I thought I understood the meaning of eigenstates and eigenvalues, but now I'm not sure whether this means that the eigenvalue of $|u_0\rangle$ is basically the same as its (global) phase, since the phase in this example is 1 as well.
 A: It's hard to write a clear answer because it appears you are trying to understand a fairly sophisticated piece of quantum theory without a very secure grounding or general familiarity with quantum theory. To get you from where you are to where you want to be would take, I think, a bit of a reminder-course in quantum theory. Two thoughts which are relevant are:

*

*an eigenvalue is not to do with a state alone, it is to do with an state and an operator. It says something about the effect of the operator on the state.

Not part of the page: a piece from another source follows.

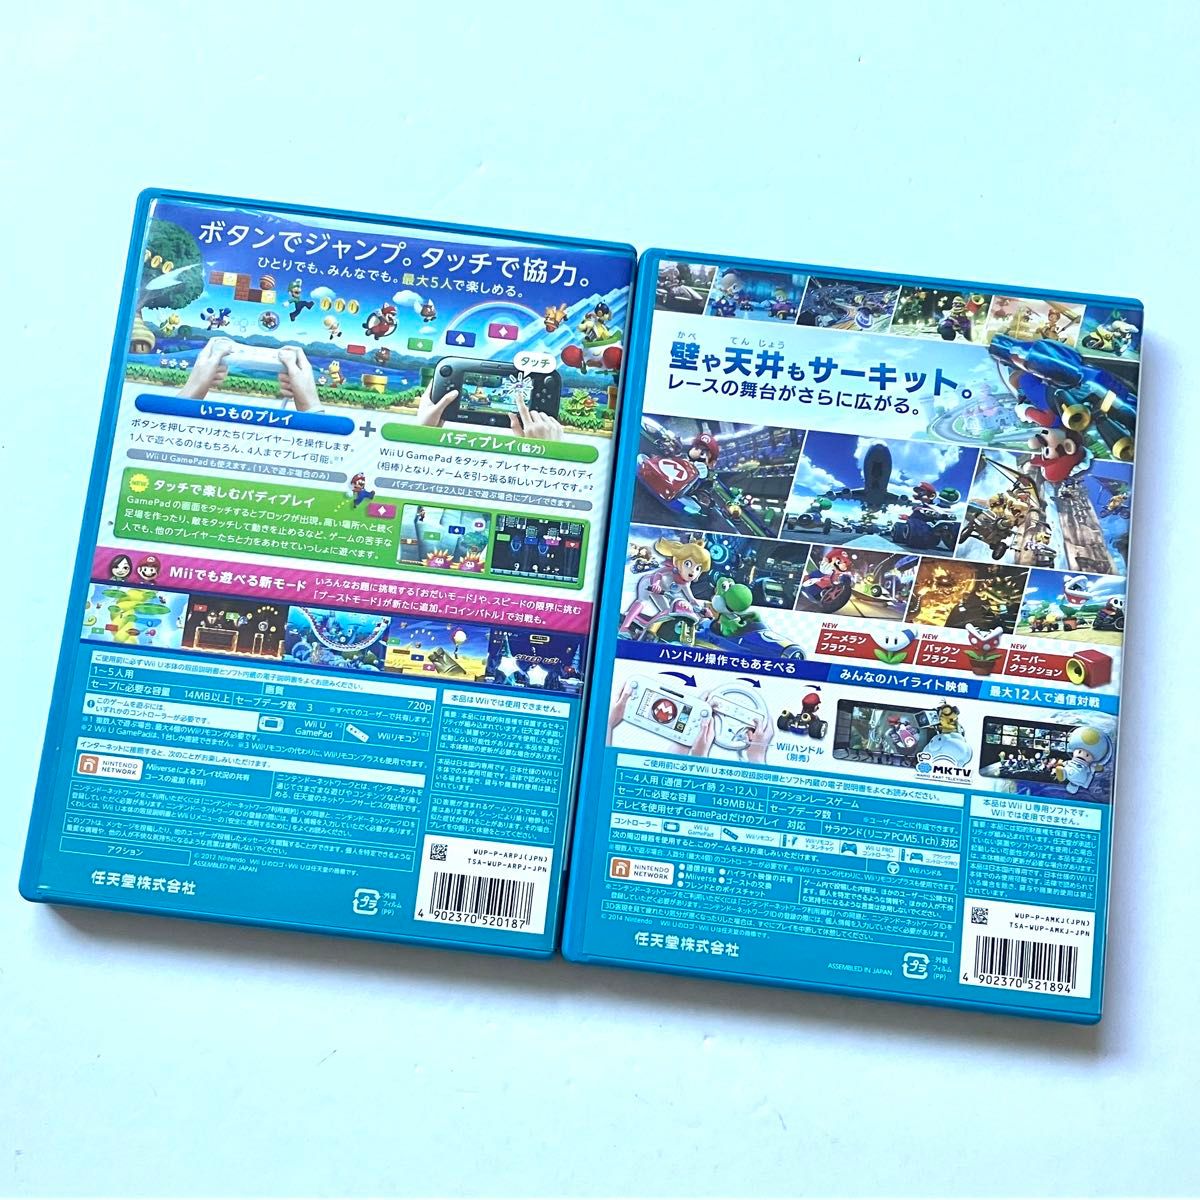 WiiU NEWスーパーマリオブラザーズU  マリオカート8  まとめ売り

*a state vector such as $| u_0 \rangle$ does not have a phase in and of itself. It only has a relative phase with other states. For example, if I define
$$| v_0 \rangle = e^{i \phi} | u_0 \rangle
$$
then if $U |u_0 \rangle = \lambda |u_0\rangle$ then also $U |v_0 \rangle = \lambda | v_0 \rangle$. In this example both $|u_0\rangle$ and $|v_0\rangle$ are eigenstates of $U$ with the same eigenvalue $\lambda$, and furthermore they represent the same physical state (as I will explain in a moment). In the present example you have $\lambda = 1$.
My purpose in introducing $|v_0\rangle$ here is mainly to show that the notion of a global phase has got pretty much nothing to do with eigenvalues in general.
Note also that in this example $|v_0 \rangle$ and $| u_0 \rangle$ would be said to be the 'same' state for many purposes in quantum theory. This is because a physical state is associated with a direction in Hilbert space, which is not quite the same as a state vector. But of course if a system were in a superposition such as
$$
\frac{1}{\sqrt{2}}\left( | u_1 \rangle + e^{i \phi} | u_0 \rangle \right)
$$
where $| u_1 \rangle$ is some other state, with $\langle u_1 | u_0 \rangle = 0$, then the physical state would depend on $\phi$.